Required action
Print, with no pictures, the exact lines that run from the one containing "Dimensions: H 73.5cm W 37cm D 44cm" through the last line of the material below, both ends included.

Collected data
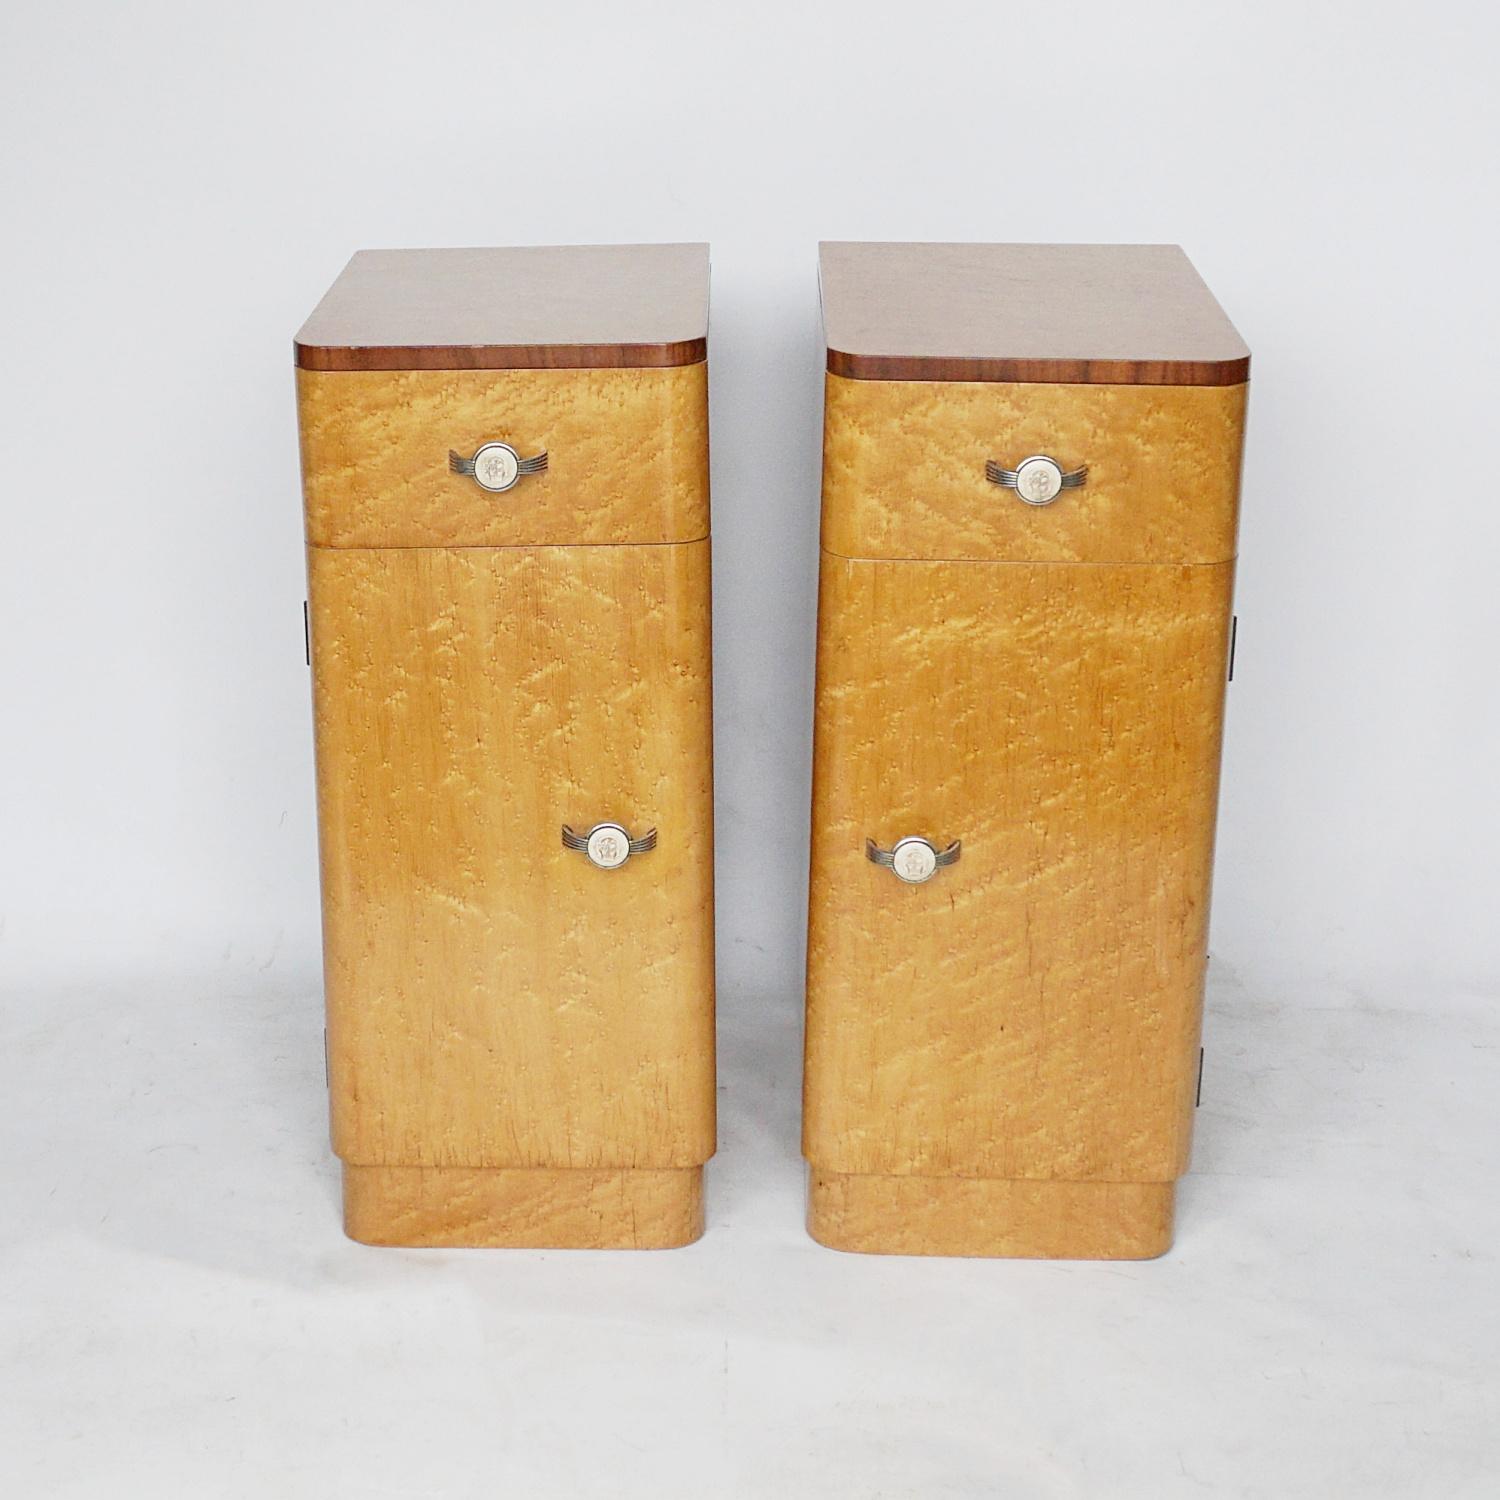 A pair of Art Deco bedside cabinets. Birdseye maple veneered with figured walnut banding. Original metal and carved bakelite handles. Upper drawer with lower shelved cupboard compartment. 

Dimensions: H 73.5cm W 37cm D 44cm

Origin:
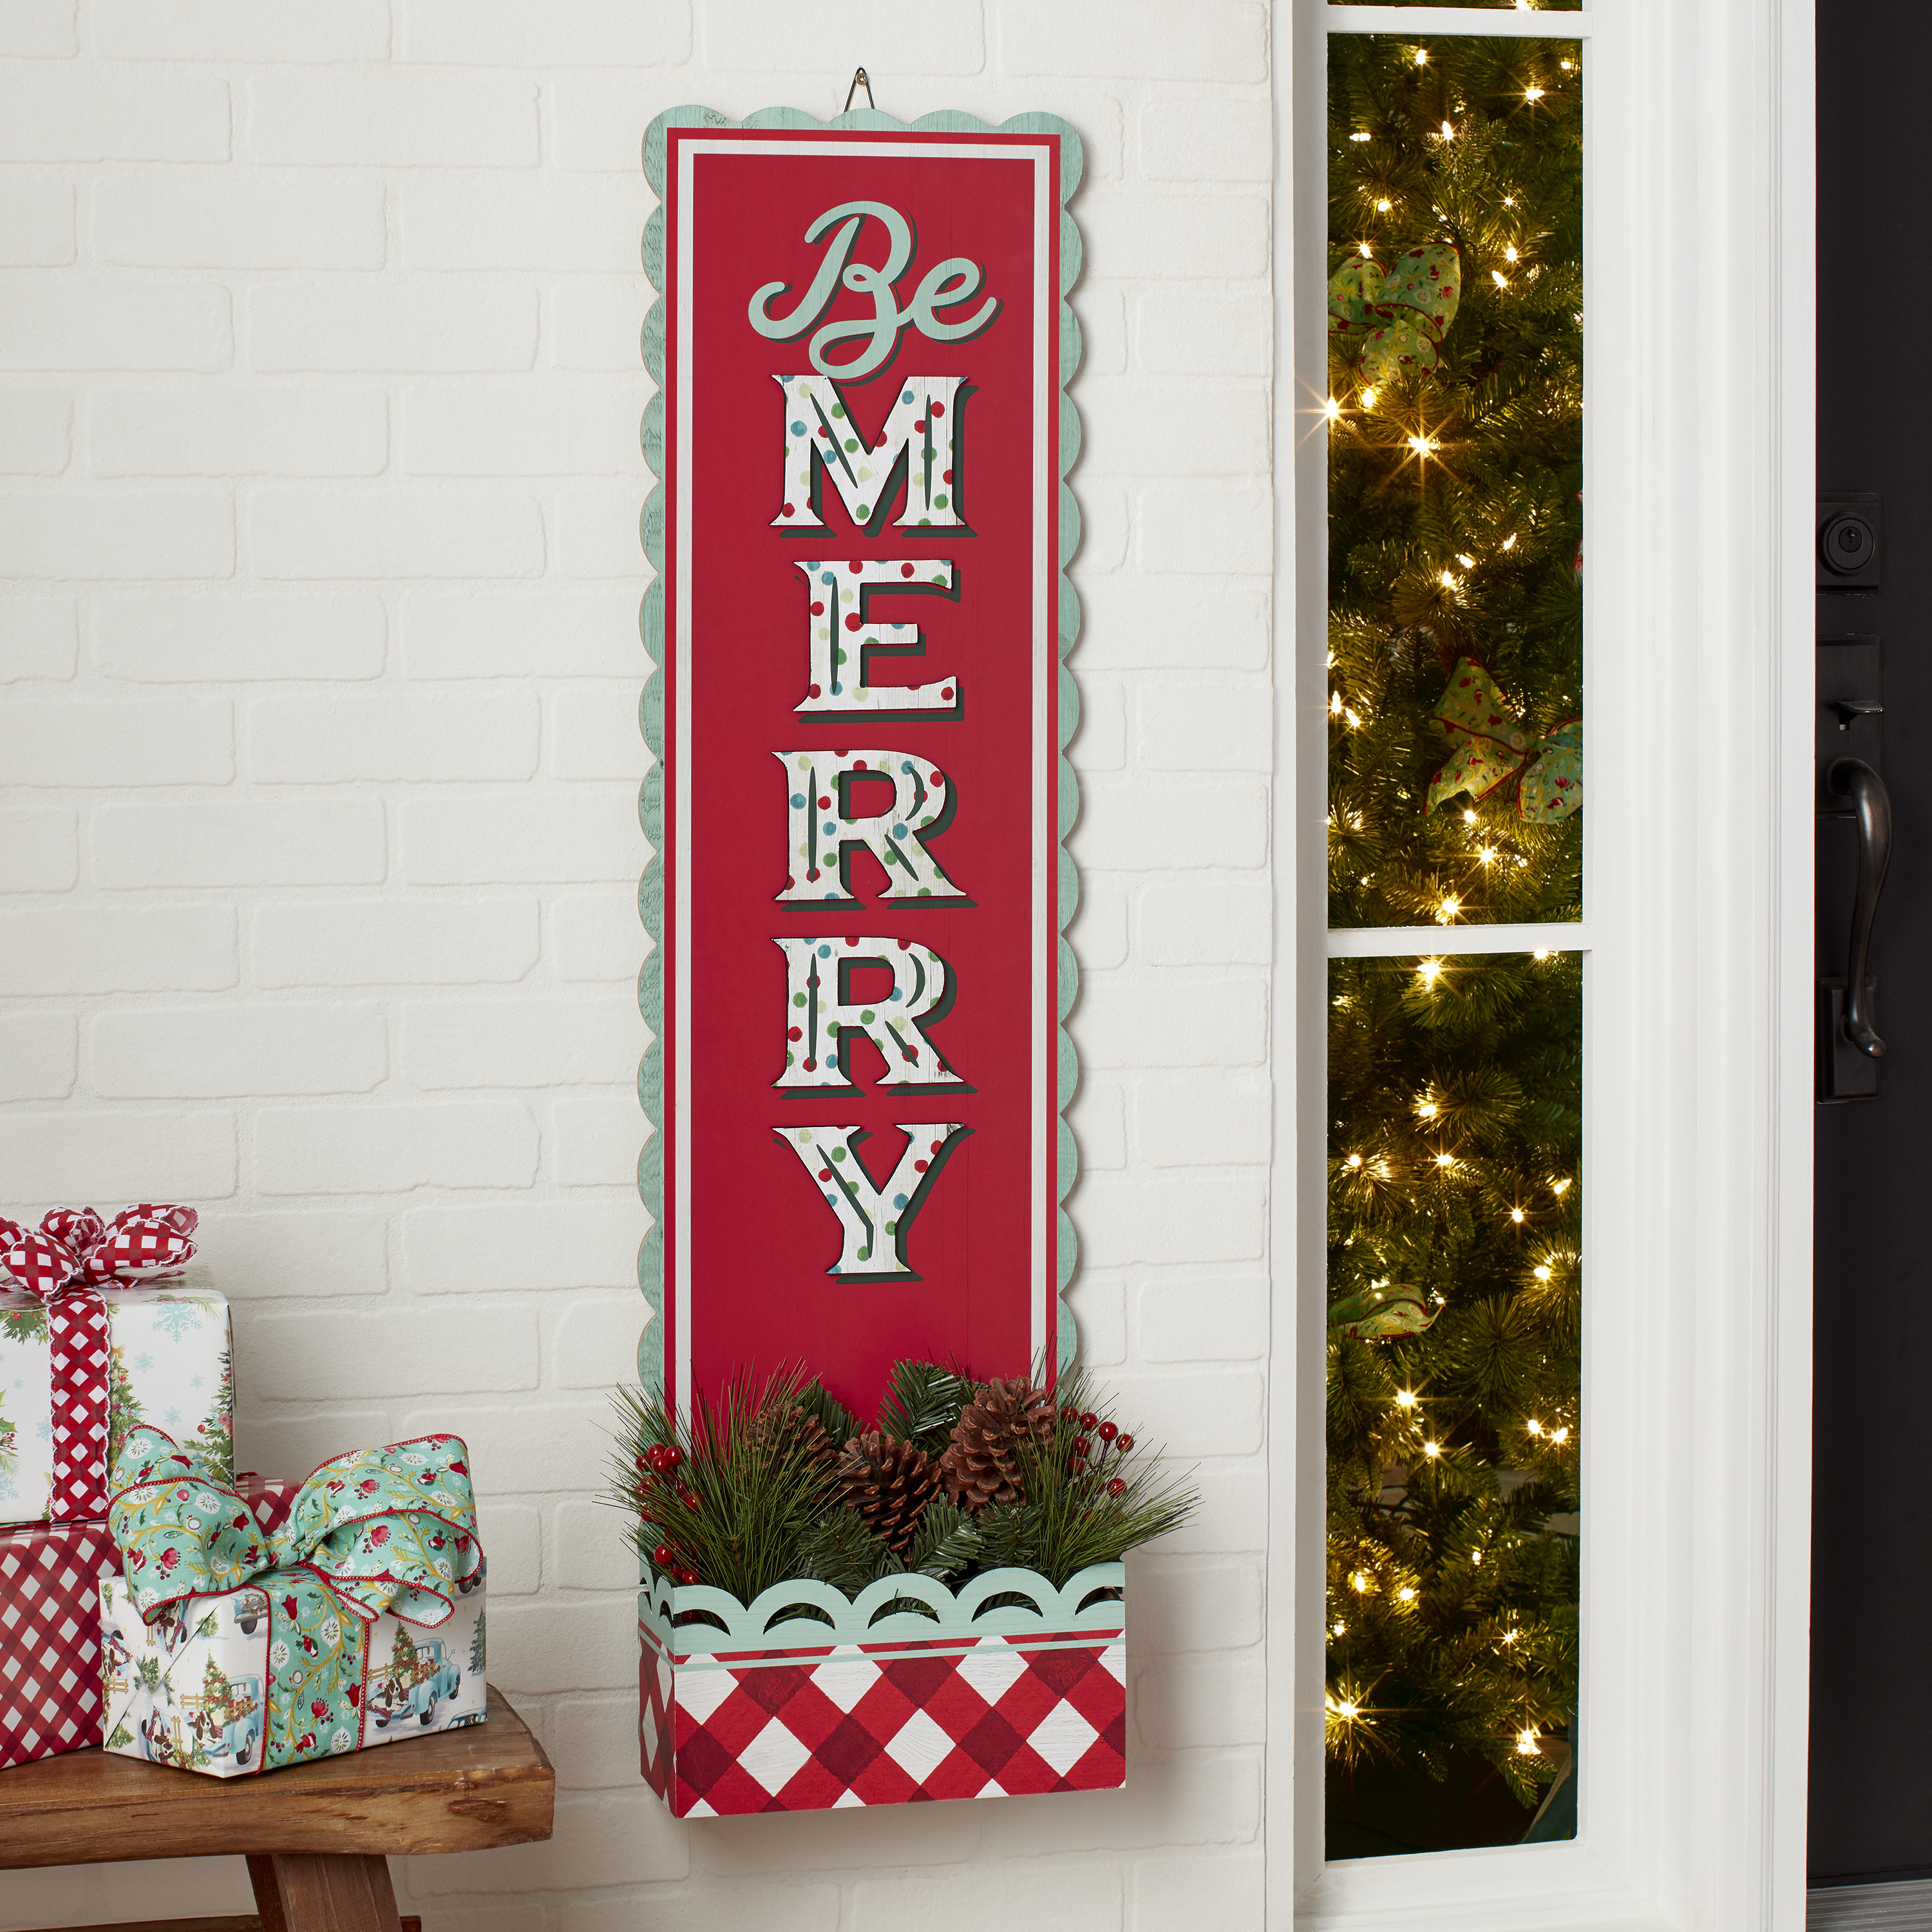 The Pioneer Woman Porch Sign, Be Merry - image 2 of 5

Answer to the problem
Dimensions: H 73.5cm W 37cm D 44cm

Origin:
 The Pioneer Woman Porch Sign, Be Merry - image 2 of 5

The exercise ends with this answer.